WHAT YOU WILL DO — Nothing but the lines from the one holding "Strap dress, V-neck, embroidered" to the final line of the listing below, both included, should be repeated, and each must match exactly. Omit pictures.

DATA EXCERPT —
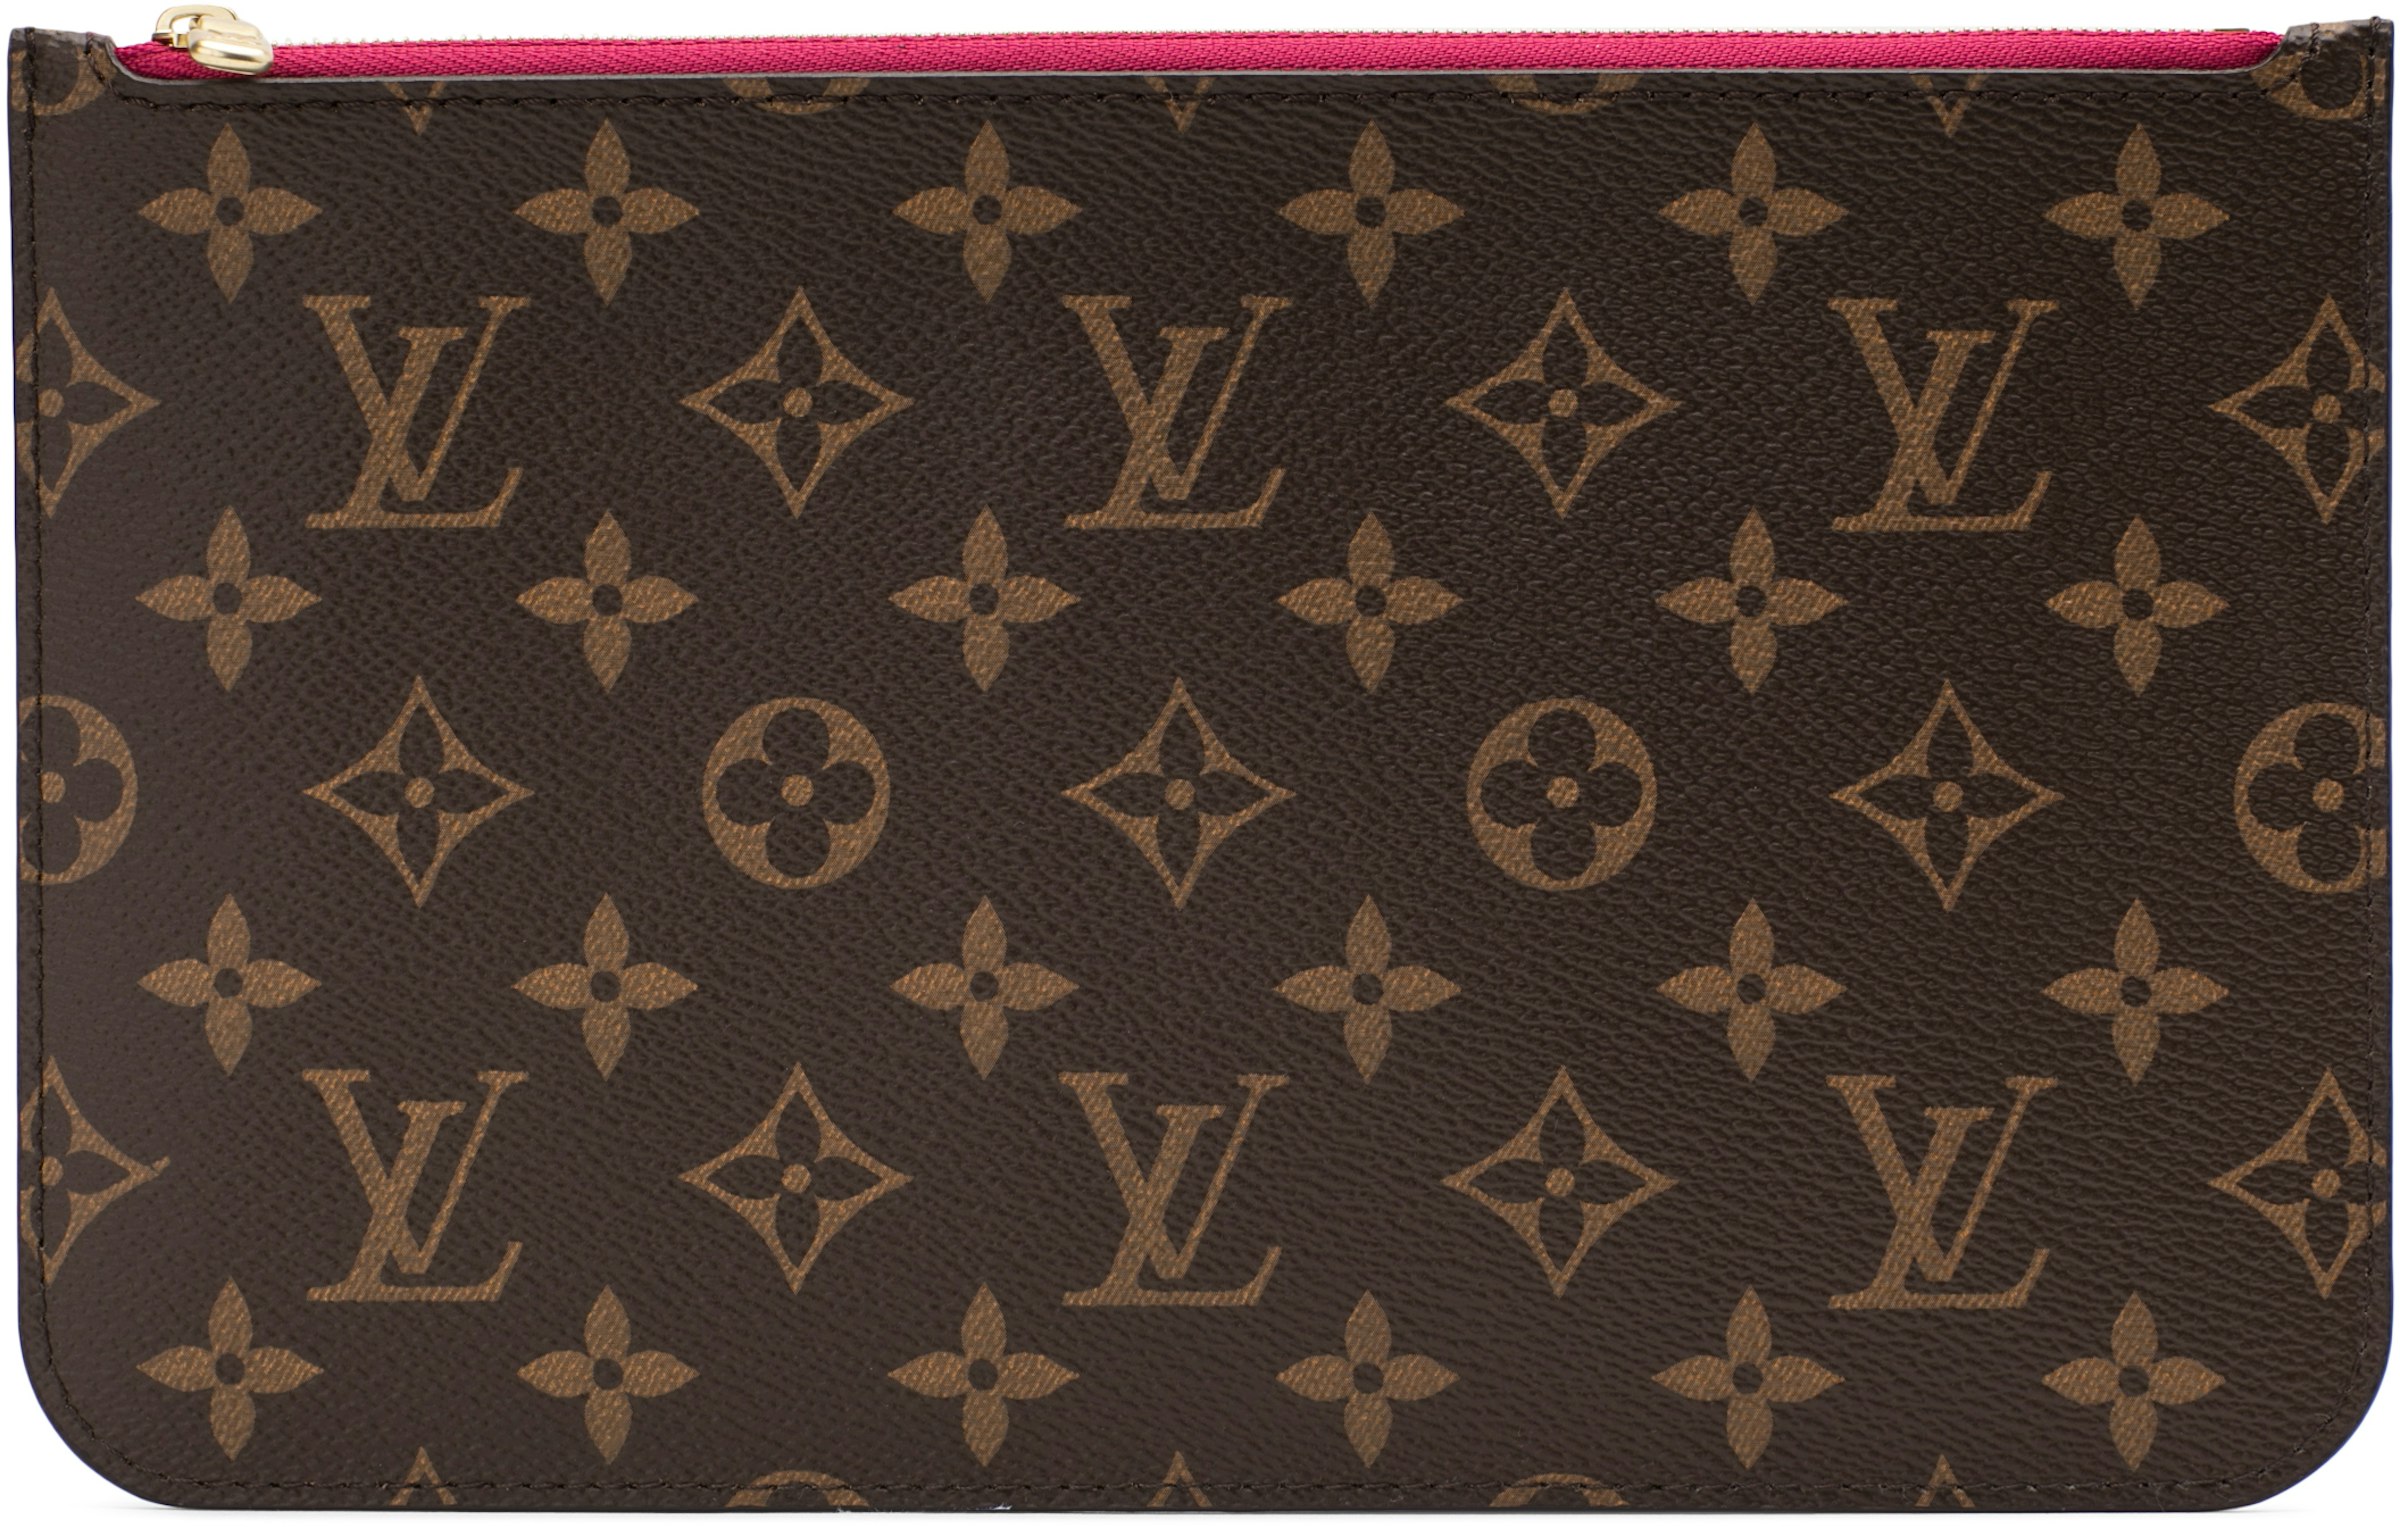 Louis Vuitton Pm Mm Gm Sizes
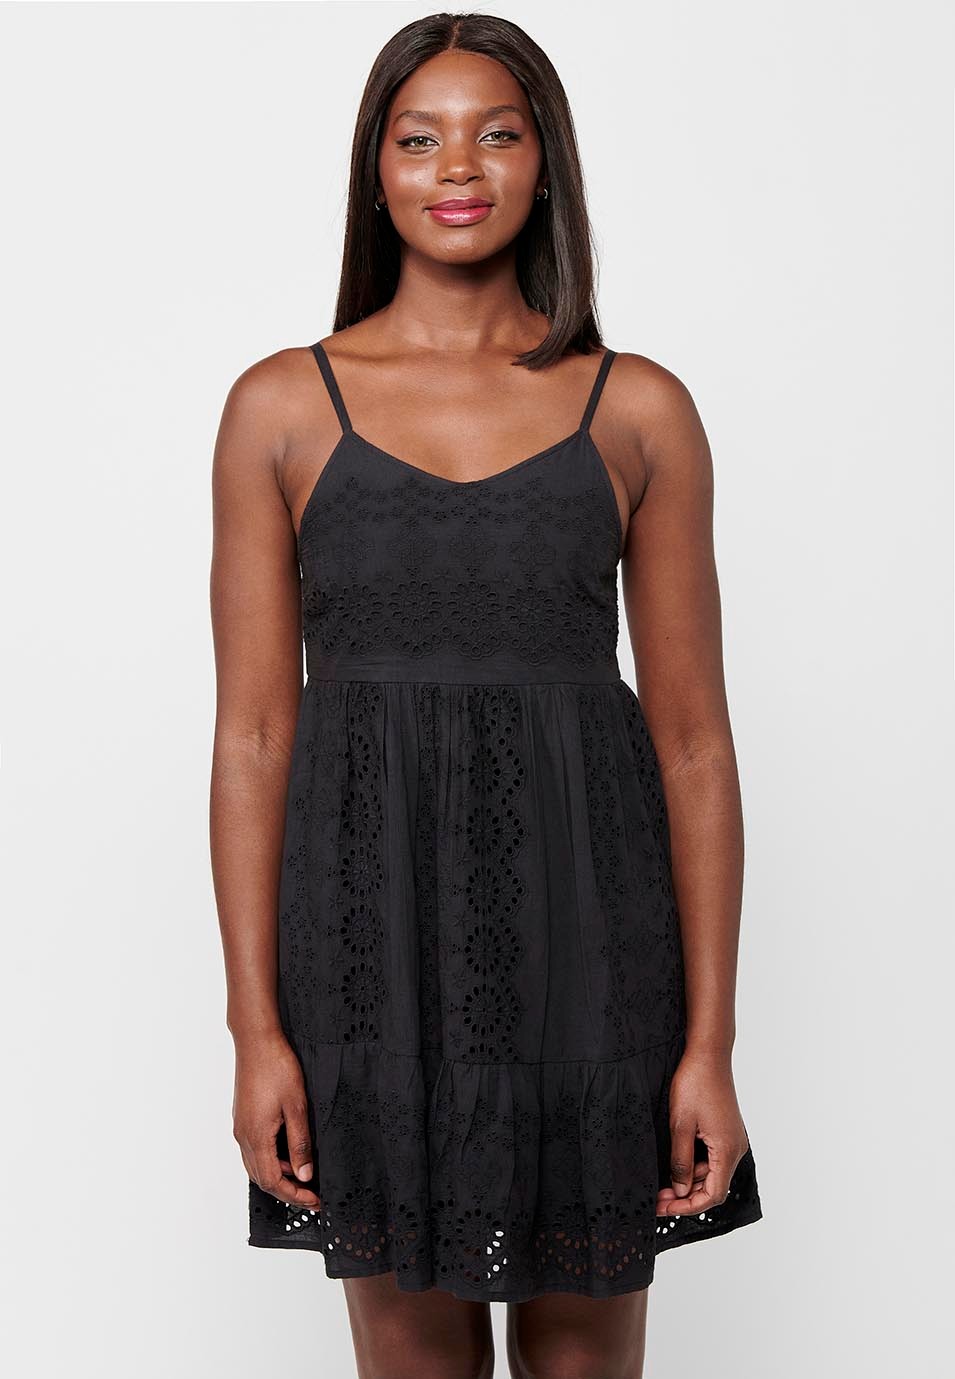 Strap dress, V-neck, embroidered fabric, Black color for women
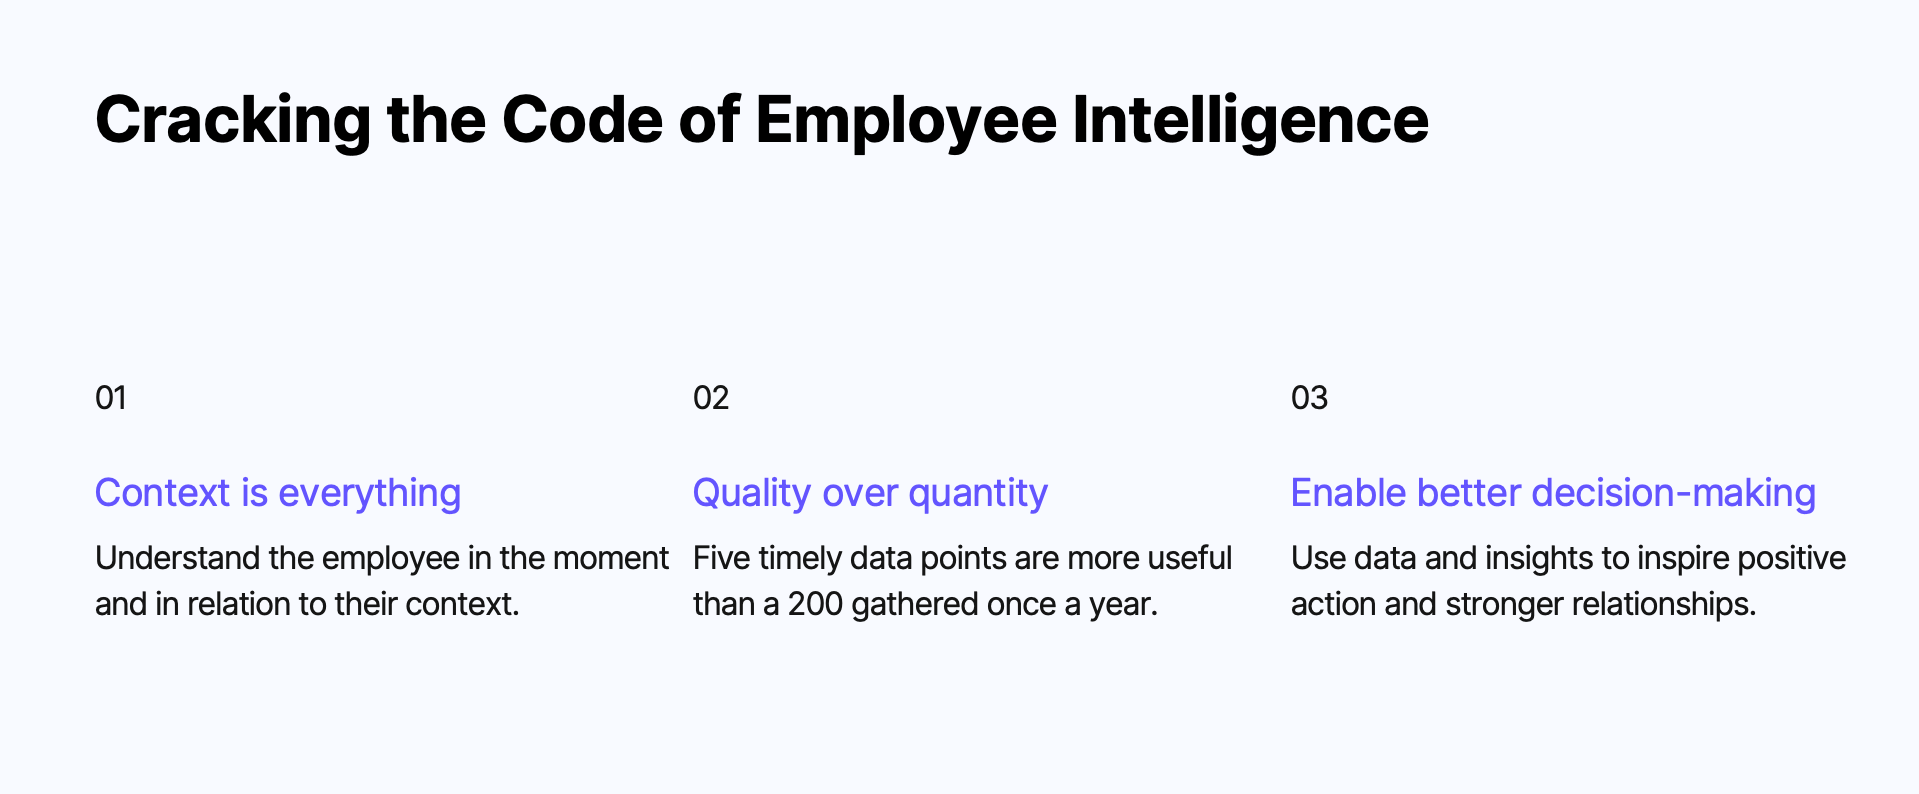 Cracking the code of employee intelligence

RESULT —
 Strap dress, V-neck, embroidered fabric, Black color for women
 Cracking the code of employee intelligence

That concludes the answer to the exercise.